Raising Daughters in a #metoo World

Recently, I took my daughter to see the movie ‘Ralph Breaks the Internet.’ There’s a scene in the movie that was prominent in the trailer leading up to the movie. The scene goes like this: 

Vanellope von Schweetz, the speed racer with a glitch, stumbles into a room filled with Disney princesses. Vanellope claims to be a princess herself. The Disney princesses interrogate that claim by asking a series of questions, eventually leading to THE question,

“Do people assume all your problems got solved because a big strong man showed up?”

Vanellope responds, “Yes!” 

The Disney princesses burst into applause, “She is a princess!” 

The scene is obviously played for laughs, but it highlights cultural stereotypes about the nature of manhood and womanhood. To be a man means you are the leader and get credit for the work women do. To be a woman means you are dependent on men for your well-being. This scene is attempting to point at the absurdity of this cultural narrative. 

And in the age of #metoo, this cultural narrative is falling apart. What the #metoo movement has brought into focus is that WOMEN ARE POWERFUL. Women have voices. They are not background characters. They are not sitting around wells singing, “I’m wishing for the one I love to find me someday.” 

I don’t have words to capture the admiration I have for my friends, both men and women, who have come forward with their #metoo stories. I hope that I can have just an ounce of their courage. I am happy that powerful men who have been abusing their power are being stripped of it. There is so much to celebrate when I look at the #metoo movement. 

So why do I feel uneasy? And what does all this have to do with parenting? 

To answer those questions, let me say something regarding my beliefs about parenting and culture. As a parent, one of my primary responsibilities is to help my kids navigate culture—the good, true, and beautiful, as well as the lies and empty promises. It is hard but necessary work. 

With the #metoo movement, culture is changing rapidly. I don’t need news headlines to understand this is the case. I can see it sitting in a movie theater with my daughter watching ‘Ralph Breaks the Internet.’ On the one hand, I’m grateful for the changes in culture. I want young men to think about the consequences of mistreating women. I want grown men to treat women with dignity and respect. I don’t want to live in a world where men get all the credit and women don’t have a voice. 

On the other hand, I’m uneasy because culture sways back and forth like a pendulum. It isn’t anchored to any particular narrative. Culture is propelled forward by the ideas that are winning. So if you want to prevent yourself from being swayed to and fro by the culture, you need an anchor. You need a narrative that helps you make sense of the world. 

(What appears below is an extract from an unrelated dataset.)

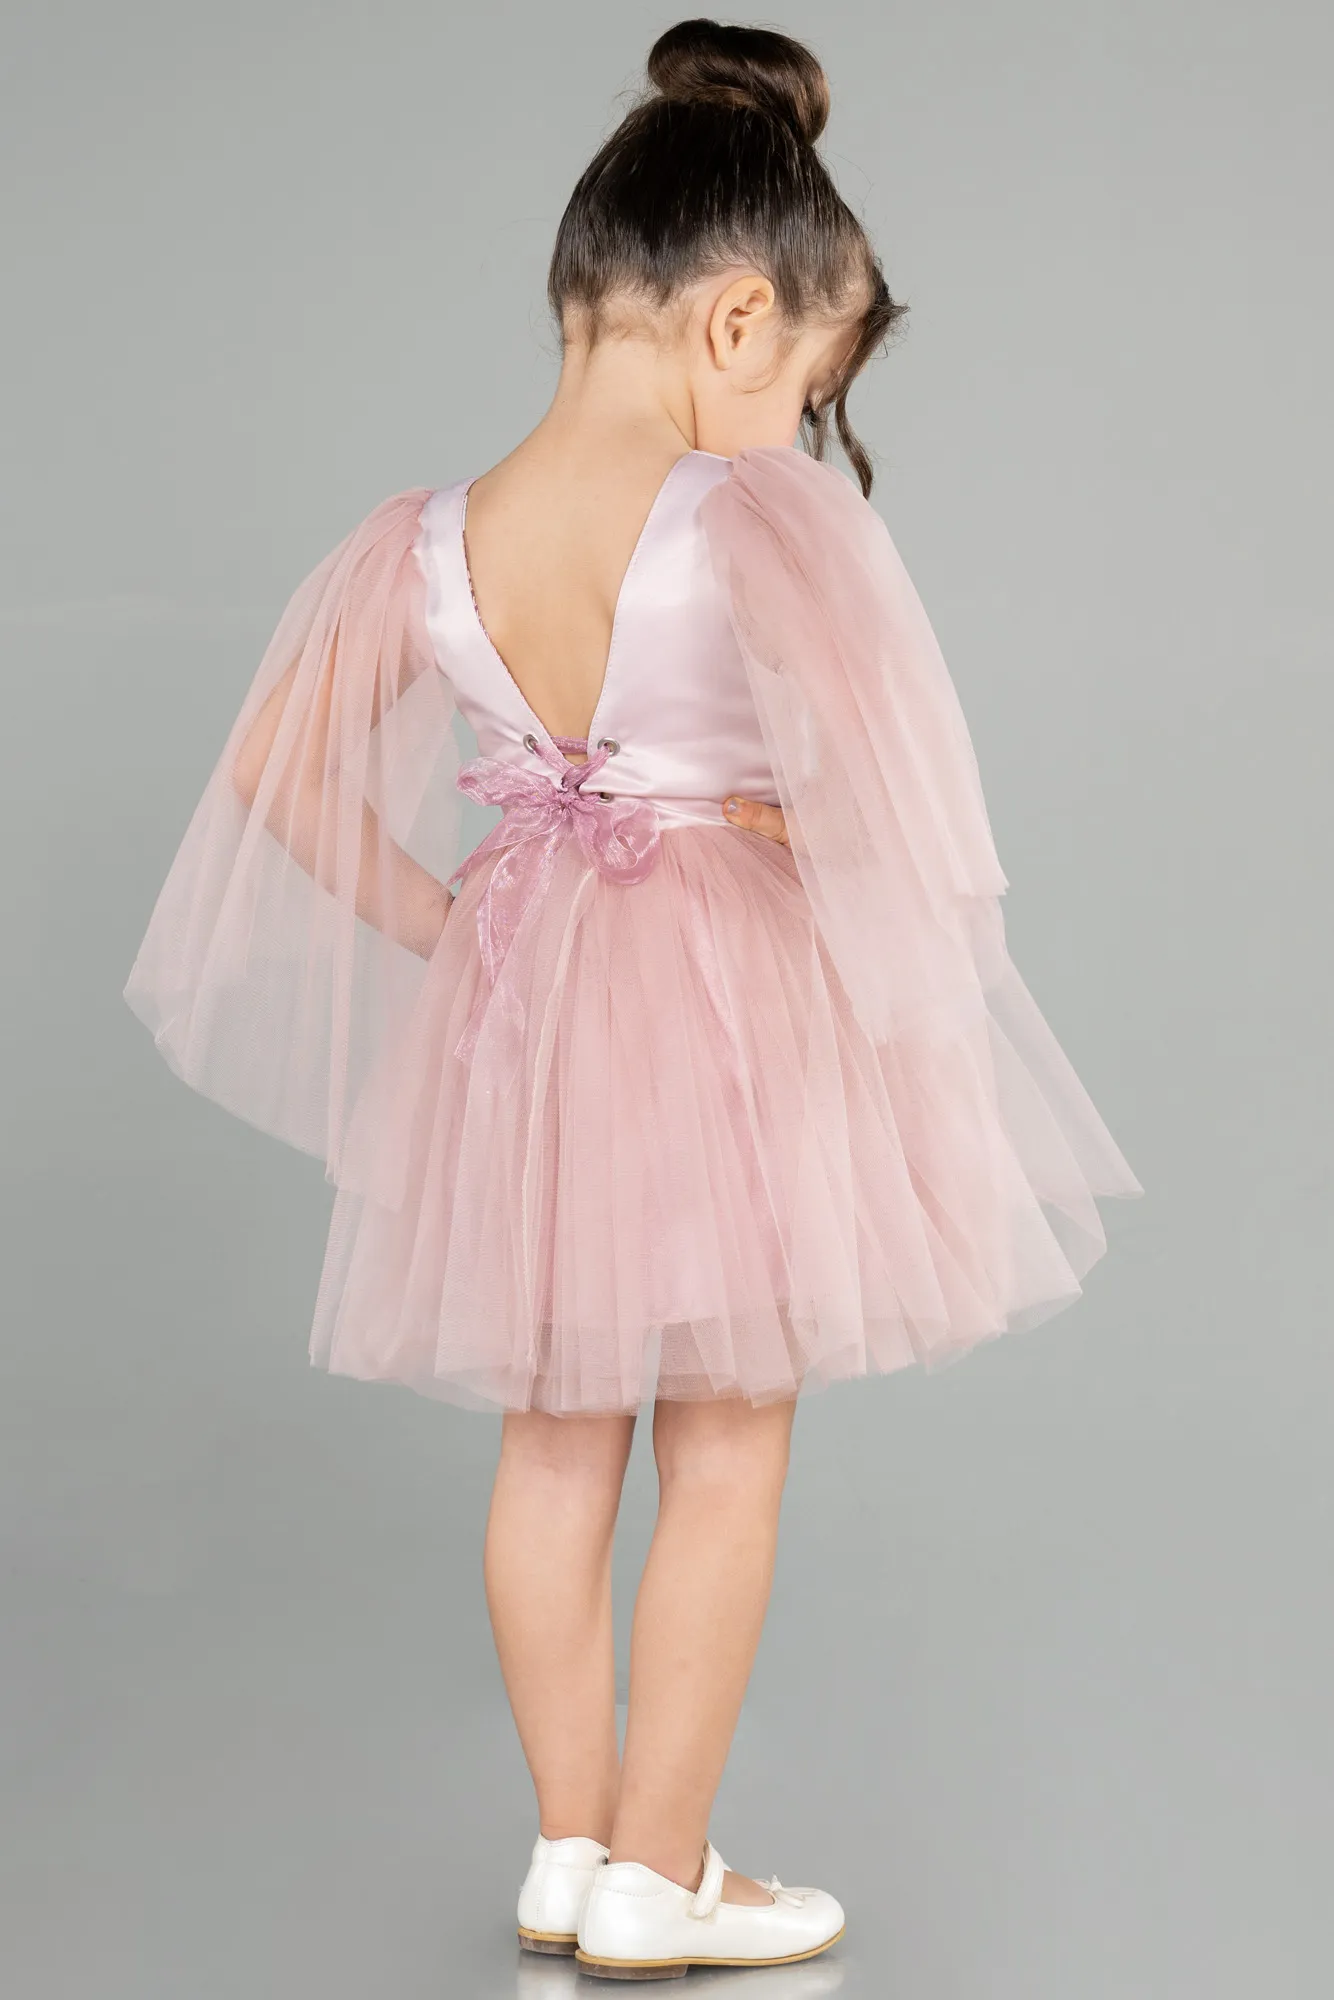 Rose Colored-Short Girl Dress ABK1797
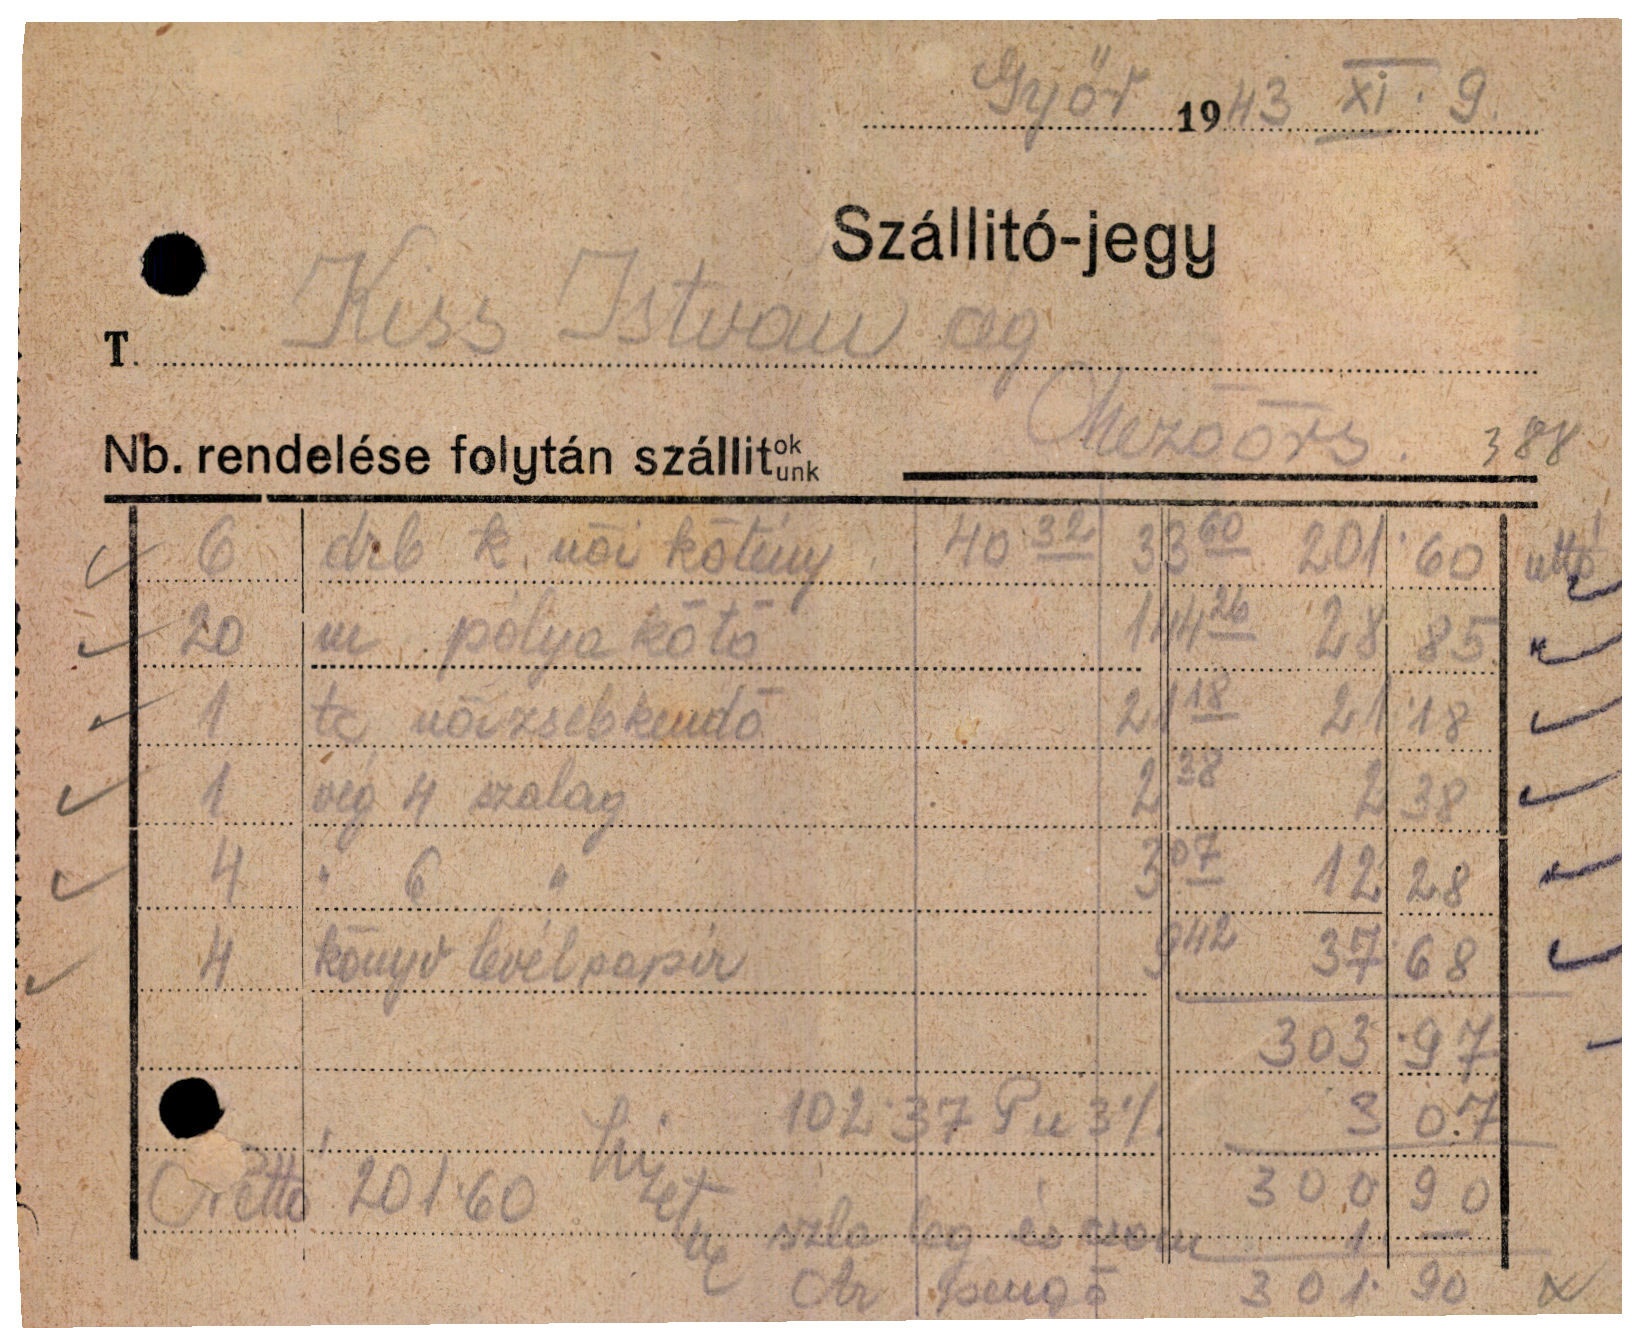 Bogár István rövidáru-nagykereskedő (Magyar Kereskedelmi és Vendéglátóipari Múzeum CC BY-NC-SA)

I believe there is a true and better story that helps us make sense of the world. 

So let me ask some questions.

If a man claimed to have all power and authority in the world, how would you respond? Maybe you would think I am referring to Donald Trump. But you would probably think that man is delusional. 

But what if I told you that this man has never once abused his power? You would probably think that is impossible. Look at the headlines in the news! Powerful men abuse their power all the time!

And what if I told you that this man sees the inherent worth and dignity in every man and woman? Maybe you would think I’m describing a character from a fairy tale. 

This is the part where I tell you that I’m not describing Donald Trump or a fictional character. I’m talking about Jesus. Listen to the very last thing he said on the earth to his followers: 

“All authority in heaven and on earth has been given to me… (Matthew 28:18).”

That sounds terrifying in a #metoo world. The idea that one man would have all the power sounds like a disaster. But Jesus never once used his power as an opportunity to take advantage of a man or a woman. Think about that. Do you want to know why men and women felt safe around Jesus? He never used his power against them. Not once. 

The fact that Jesus says, “All authority has been given to me” is good news for us because Jesus is the only one who will never abuse that power. But don’t forget what took place before Jesus spoke those words. Jesus GAVE UP his power to enter into our broken world. He was born into poverty. He took on the role of a servant. He loved the poor, the widow, and orphan. He dined with sinners and prostitutes. He welcomed men and women to follow him. He died on a cross for the sins of the world and he rose from the dead. All these things transpired before Jesus said, “All authority has been given to me.” 

Jesus demonstrated in his life, death, and resurrection that he is the only one who is worthy of all authority. The question that every one of us has to deal with at some point or another is, “Will I surrender to his authority or not?” 

My prayer as a parent for my daughters is not just that they will be good students of culture. My prayer is this—that the good news that all authority has been given to Jesus, the only one who will never abuse that power, will be their anchor for life.